PRMLで使われるデータセットの(現在有効な)入手先
2010-05-24 @shuyo Nakatani Shuyo
PRML 12章の実装試してみたいけど、Oil Flowデータの配布ページが無くなってるんだよなあ、とあきらめてた。でもがんばって探したらwebarchiveから拾えた。tar.gzファイルまでアーカイブしてあるなんて……。すごすぎ。欲しい人いる? 再配布したらまずい?
Oil Flowデータの配布ページがずっとリンク切れのままなのですよね… それ以外のデータはBishop先生のリンクからひと通り手に入るけど紹介を兼ねて。
Handwritten Digits - 手書き数字(MNISTデータ集合)
The MNIST digits data are available from Yann LeCun’s MNIST page, which also contains a detailed description of the data. There's also a Matlab function to read the data into Matlab under Windows.
Oil Flow - 送油
This data set can be retrieved in various formats from the GTM data web-page.
その"GTM data web-page"からダウンロードできなくなってる><
→→MATLAB形式に変換されたものを発見しますた
http://code.google.com/p/pmtkdata/source/browse/trunk/oilFlow3Class/oilFlow3Class.mat
SciPyってMATLABファイル読めるのね... loadmat()神
あとはこの程度のスクリプトで
mat2txt.py:
import scipy.io import numpy x = scipy.io.loadmat("./oilFlow3Class.mat") for k,v in x.items(): print "%s.txt: %dx%d" % (k, len(v[0]), len(v)) numpy.savetxt(k + ".txt", v, fmt='%15.7e')
これで以下の9つのファイルが得られる:
- training data
- DataTrn.txt: 12x1000
// 1000 measurements - DataTrnFrctns.txt: 2x1000
// the corresponding fractions of water and oil (in that order) - DataTrnLbls.txt: 3x1000
// the corresponding configuration labels, given in a 1-of-3 coding scheme, where
[1 0 0] == Homogeneous configuration
[0 1 0] == Annular configuration
[0 0 1] == Stratified configuration
- DataTrn.txt: 12x1000
- validation data
- DataVdn.txt: 12x1000
- DataVdnFrctns.txt: 2x1000
- DataVdnLbls.txt: 3x1000
- test data
- DataTst.txt: 12x1000
- DataTstFrctns.txt: 2x1000
- DataTstLbls.txt: 3x1000
// the three file sets all contain 1000 samples.

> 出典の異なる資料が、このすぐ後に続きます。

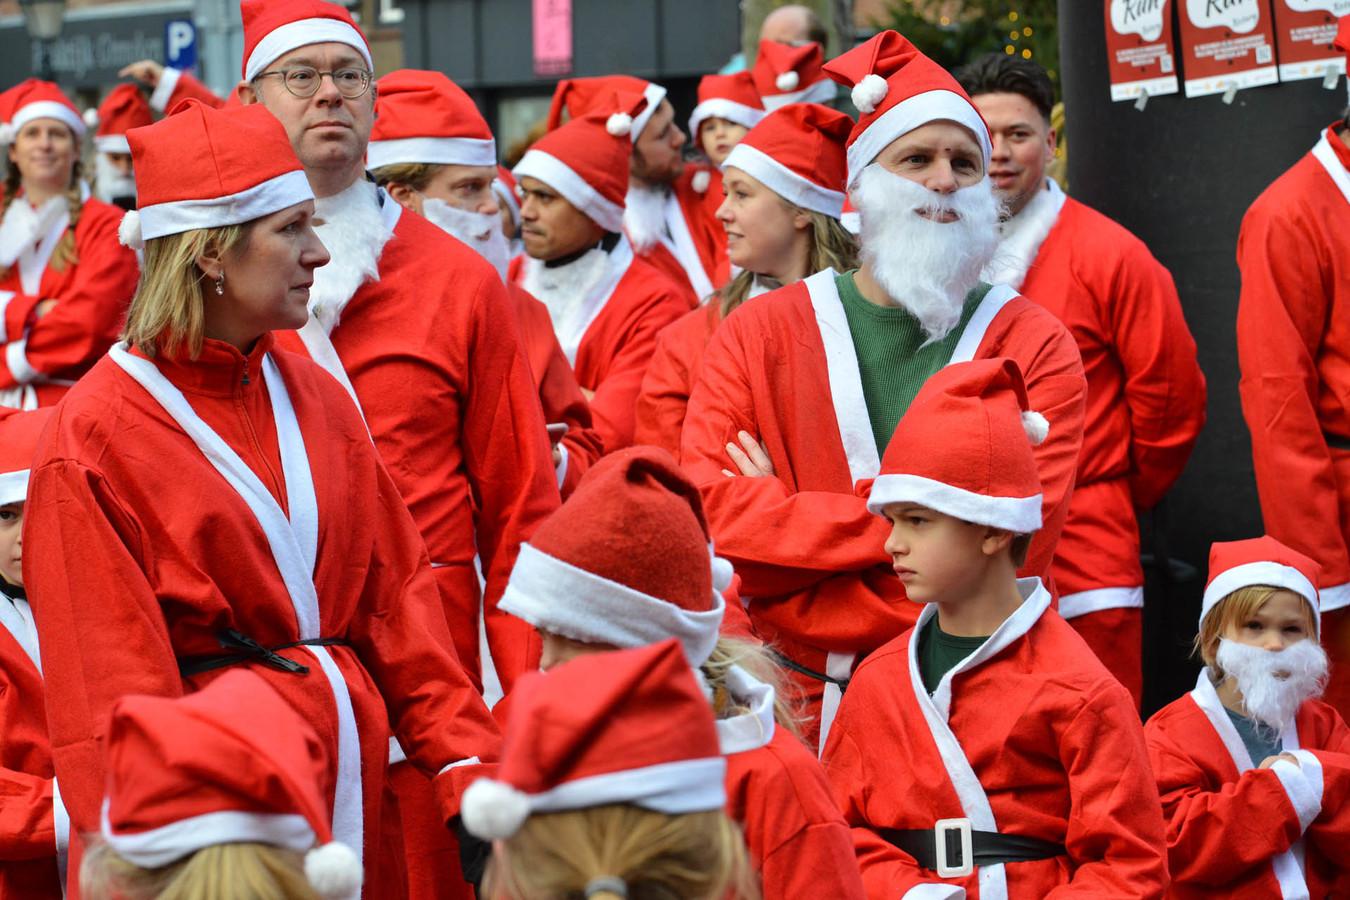 De organisatie van de Rotary Santa Run in het Ginneken is een samenwerking tussen de vier Bredase Rotaryclubs, Breda, Breda-Mark en Aa, Breda Mastbos en Breda-Zuid.
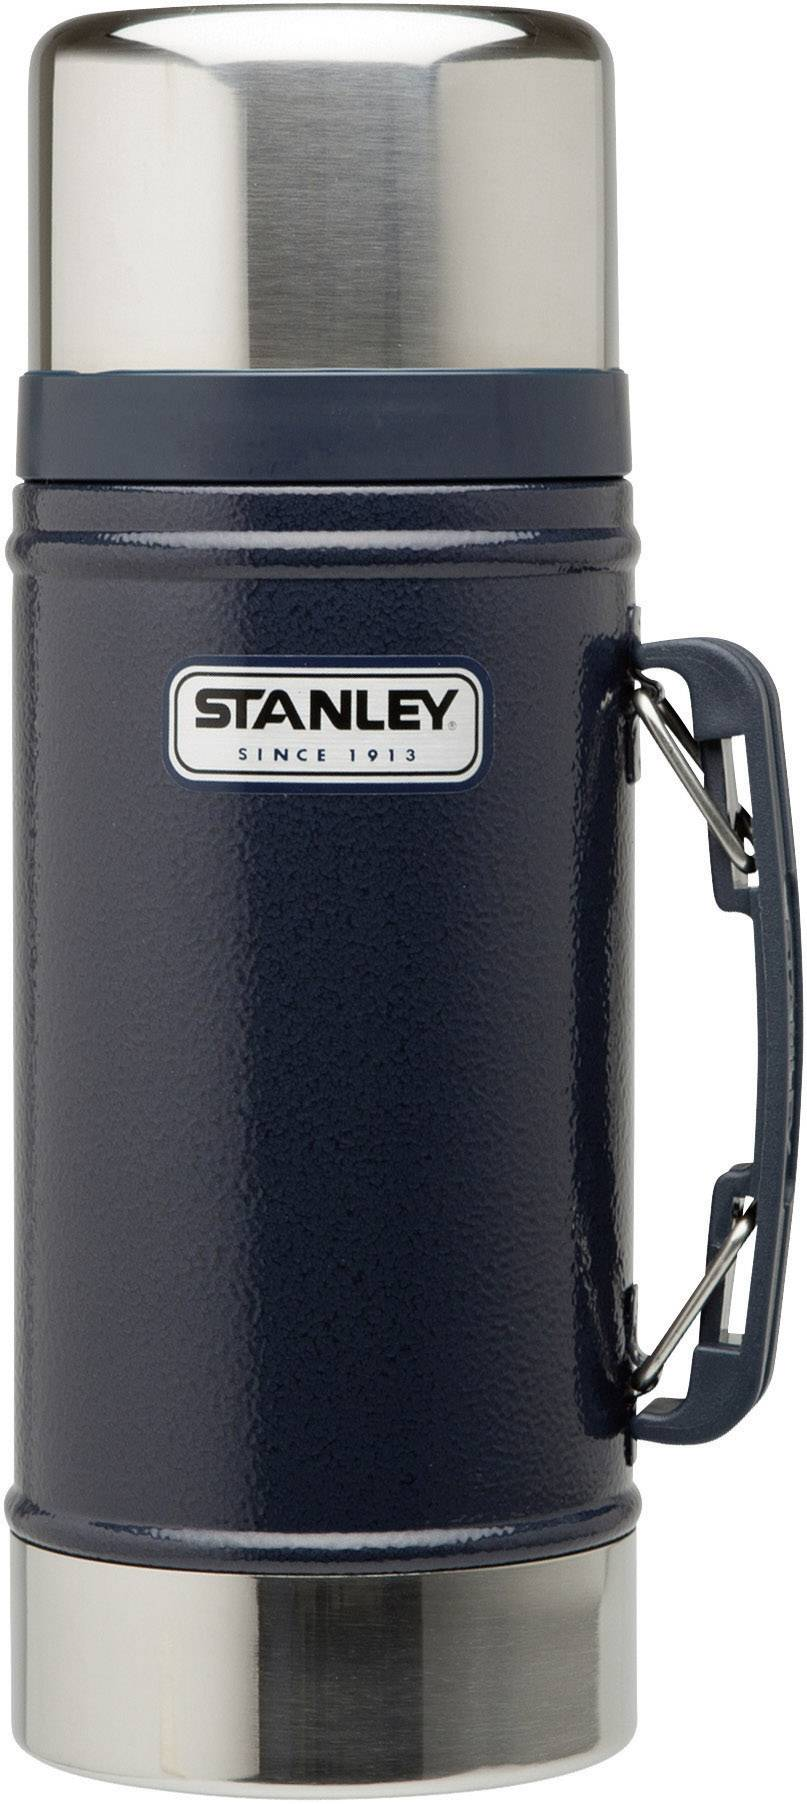 Kempingové nádoby na potraviny Stanley by Black & Decker Vakuum-Speisebehälter Classic 10-01229-015

The fractions and configurations are picked at random from corresponding uniform distributions.
こういうやつね
Old Faithful - 間欠泉データ
There are several Old Faithful data sets in existence. The one used in PRML, which seems to be the most widely adopted, is available here.
http://research.microsoft.com/en-us/um/people/cmbishop/PRML/webdatasets/faithful.txt
カラム1:直近の噴出継続時間
カラム2:次回の噴出までの待ち時間
Synthetic Data - 人工データ集合
Curve Fitting - 曲線フィッティング
The curve fitting data contains 10 data, uniformly spaced on [0,1] in x-space and with
y = sin(2πx) + N(0,0.3),
i.e, with Gaussian noise of variance 0.09. The file has 10 rows of 2 columns ([x,y]). This is the actual data that was used to generate the plots in figure 1.4 (and others).
http://research.microsoft.com/en-us/um/people/cmbishop/PRML/webdatasets/curvefitting.txt
X, Y
Classification - クラス分類
The classification data contains 200 data, sampled from a 3-component Gaussian mixture in 2D. This data was generated using the gmmsamp function from Netlab. The corresponding Gaussian mixture model had the parameters:
mix.priors = [0.5 0.25 0.25];
mix.centres = [0 -0.1; 1 1; 1 -1];
mix.covars(:,:,1) = [0.625 -0.2165; -0.2165 0.875];
mix.covars(:,:,2) = [0.2241 -0.1368; -0.1368 0.9759];
mix.covars(:,:,3) = [0.2375 0.1516; 0.1516 0.4125];
The first component represent class 1 (blue circles, o, in the left panel of Figure A.7), the other components class 0 (red crosses, ×). The file has 200 rows of 3 columns, the first two columns giving datum position, the last column containing the label (0/1).
http://research.microsoft.com/en-us/um/people/cmbishop/PRML/webdatasets/classification.txt
X, Y, クラス(0/1)